**Exercise goal**
Word for word, copy the entire listing below, but do not carry over any pictures.
──────── Dataset extract ────────
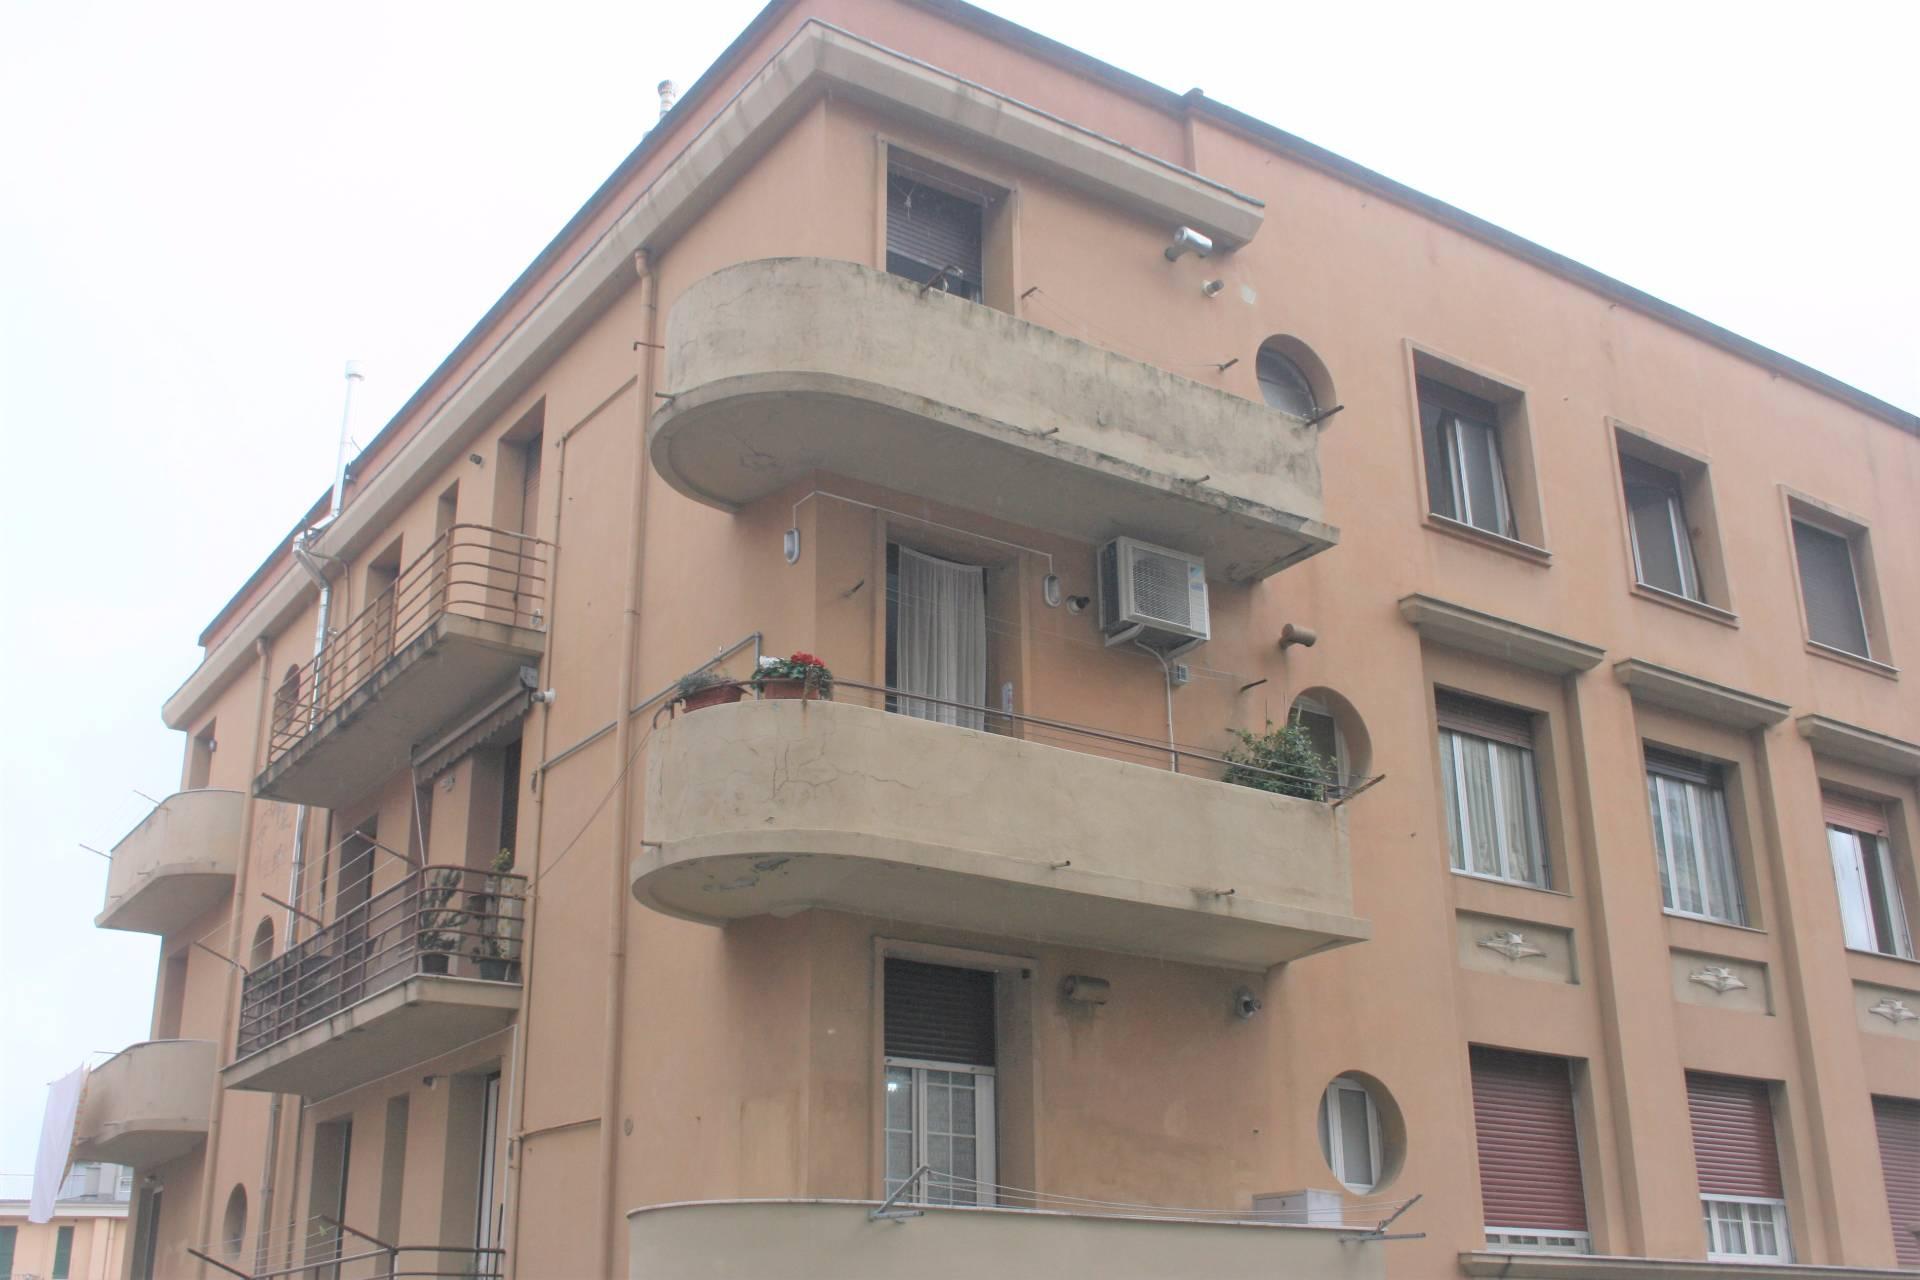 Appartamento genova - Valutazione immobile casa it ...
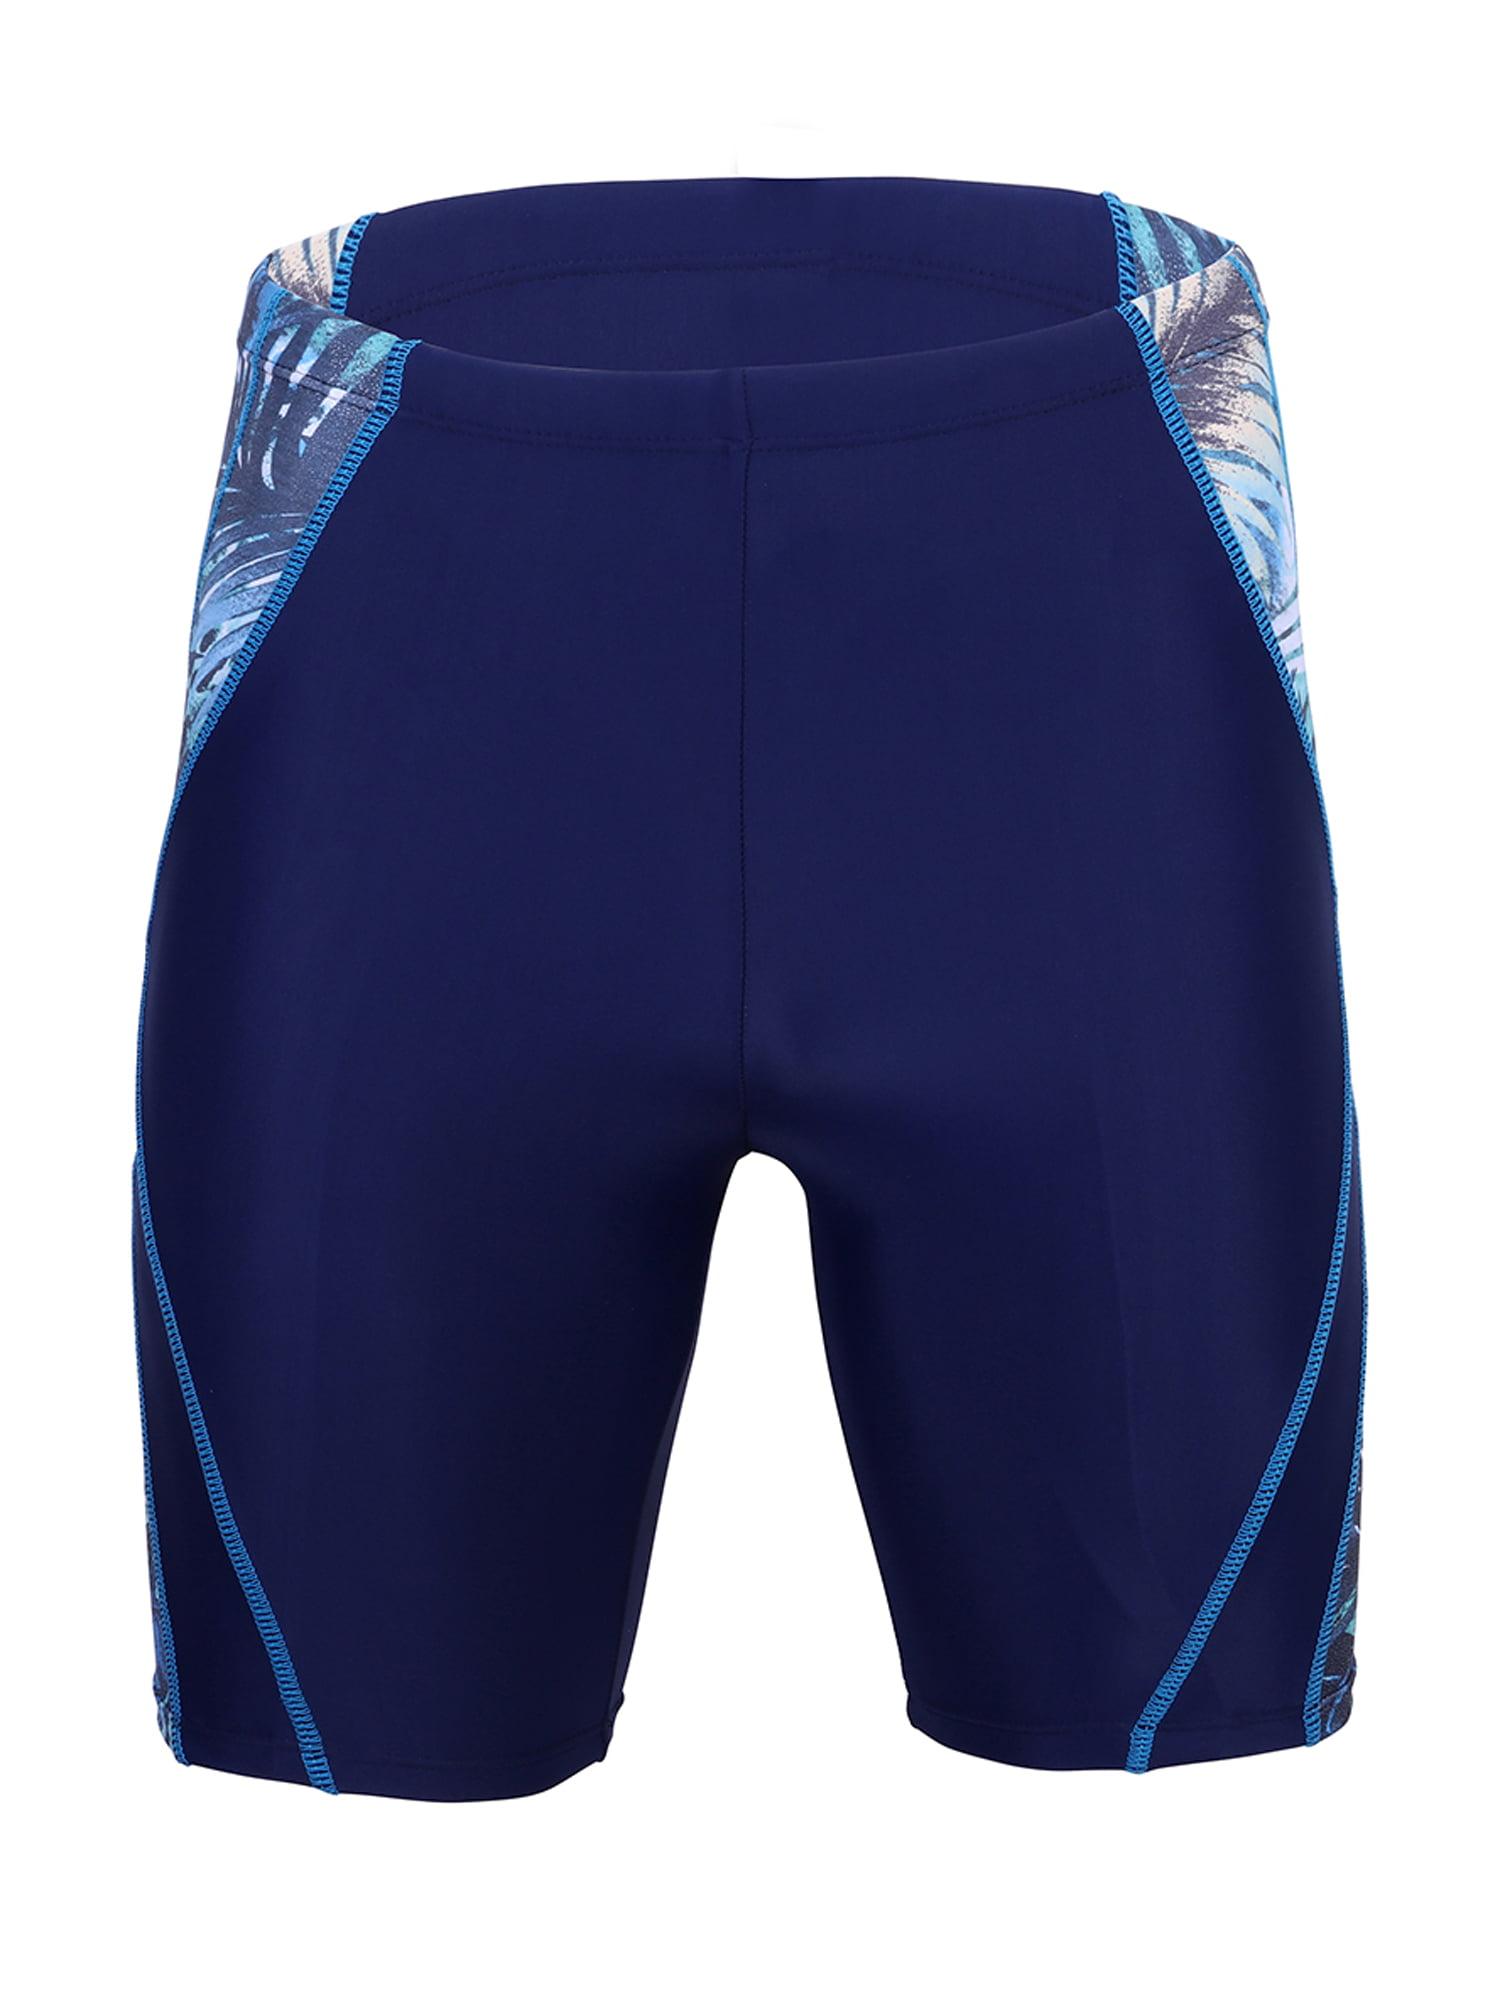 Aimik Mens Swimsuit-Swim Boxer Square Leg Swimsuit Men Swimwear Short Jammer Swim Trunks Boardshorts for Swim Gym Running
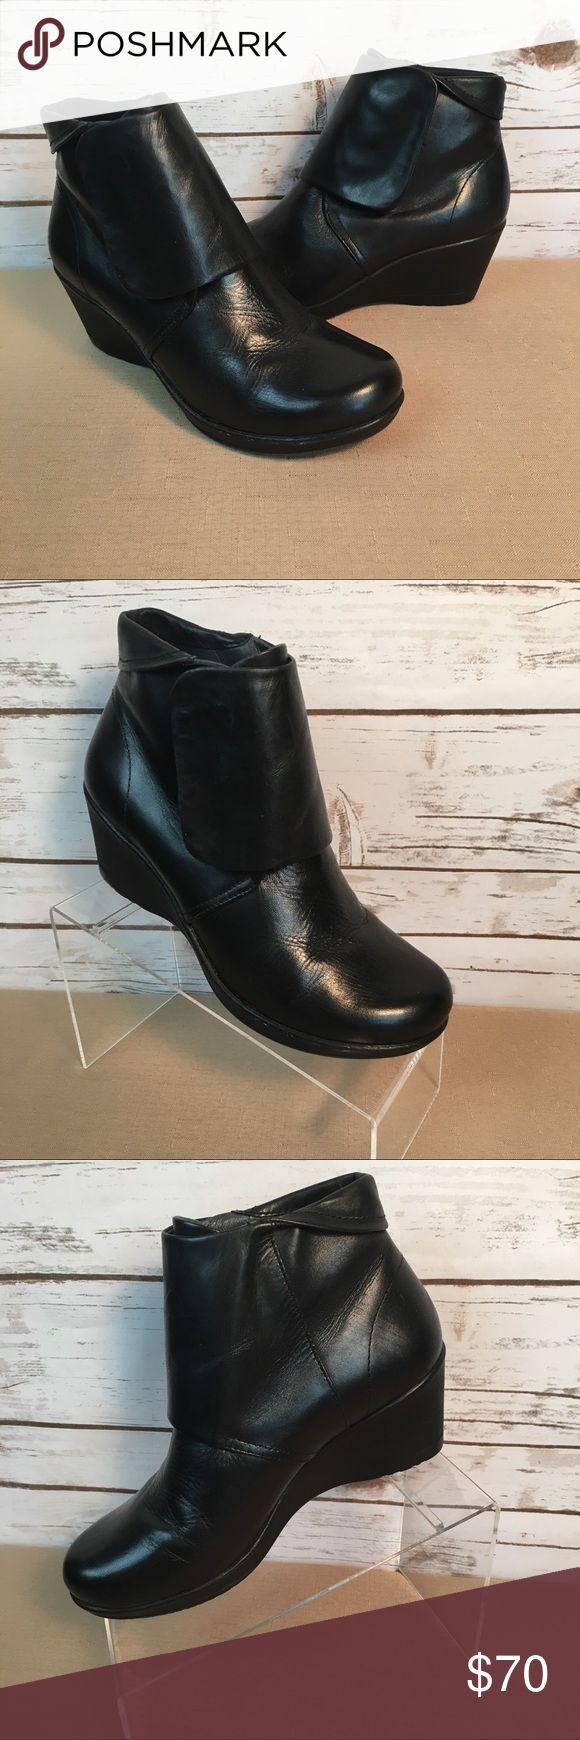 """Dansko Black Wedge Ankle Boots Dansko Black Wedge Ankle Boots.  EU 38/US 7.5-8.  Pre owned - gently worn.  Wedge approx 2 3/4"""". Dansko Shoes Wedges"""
────────
**Solution**
 Appartamento genova - Valutazione immobile casa it ...
 Aimik Mens Swimsuit-Swim Boxer Square Leg Swimsuit Men Swimwear Short Jammer Swim Trunks Boardshorts for Swim Gym Running
 """Dansko Black Wedge Ankle Boots Dansko Black Wedge Ankle Boots.  EU 38/US 7.5-8.  Pre owned - gently worn.  Wedge approx 2 3/4"""". Dansko Shoes Wedges"""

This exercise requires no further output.